O passaporte da vacinação já é uma realidade em diversos municípios brasileiros, inclusive em cidades de Santa Catarina. Mas há quem pense que o documento só é eficaz para entrada em eventos, comércios e lugares fechados.
O novo boletim do Observatório da Covid-19 da FioCruz, divulgado nessa sexta-feira (29), alerta sobre a importância da comprovação da imunização de trabalhadores e empregados em ambientes de trabalho.
Fiocruz destaca importância do passaporte da vacinação em ambientes de trabalho – Foto: Carlos Jr/NDO documento destaca que empregadores e trabalhadores avancem de forma conjunta em campanhas, estimulando e induzindo a adoção do passaporte de vacinas nos diversos ambientes de trabalho.
Seguir“É preciso destacar os benefícios de proteção coletiva não só para os trabalhadores, mas para suas famílias, crianças, colegas de trabalho e a comunidade”, acrescenta o texto.
“É especialmente importante que se complete o esquema vacinal com duas doses ou dose única, dependendo do imunizante, incluindo a dose de reforço quando houver indicação, para que possamos alcançar um patamar de maior segurança, com pelo menos 80% da população protegida”, afirmam os cientistas.
Conforme o boletim, é justificável a restrição da circulação de pessoas não vacinadas nos espaços de trabalho, assim como escolas, companhias de transporte, estabelecimentos culturais e comerciais.
A Fiocruz argumenta que, considerando experiências internacionais, a vacinação em massa deve ser associada à implementação do passaporte vacinal e medidas como o uso de máscaras em locais fechados e abertos com aglomeração, distanciamento físico e higiene constante das mãos.
“Não podemos deixar de assinalar que cabe a empregadores, gestores de escolas, empresas de transporte e estabelecimentos culturais e comerciais, cuidados no sentido de garantir as melhores condições ambientais desses espaços, com adequações para a instalação de filtros e melhor circulação do ar”, afirmam.

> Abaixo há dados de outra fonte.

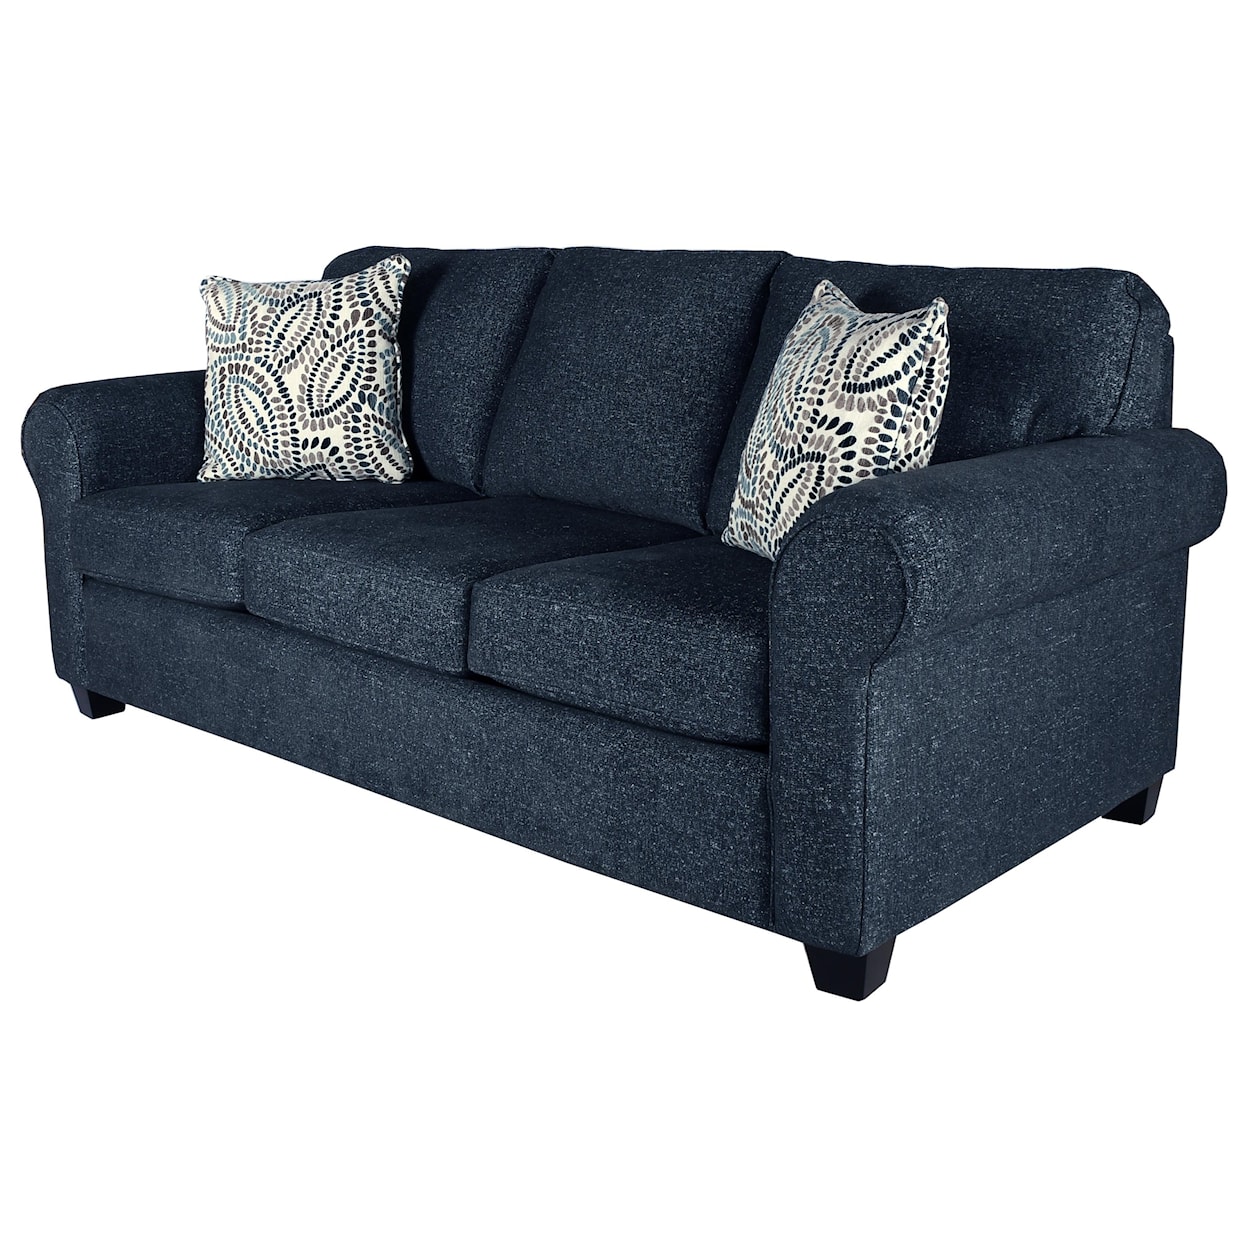 Taelor Designs Porter Sofa

O boletim alerta que o relaxamento das medidas de distanciamento físico tem aumentado a concentração de pessoas em ambientes fechados e preveem que essa circulação deva crescer ainda mais nos meses de novembro e dezembro, com as festas de fim de ano.
Orientação para empresas e trabalhadores
O Boletim do Observatório da Covid-19 da Fiocruz reafirma que as instituições e empresas devem contribuir para a promoção de ambientes que promovam a confiança nas vacinas e a responsabilidade coletiva.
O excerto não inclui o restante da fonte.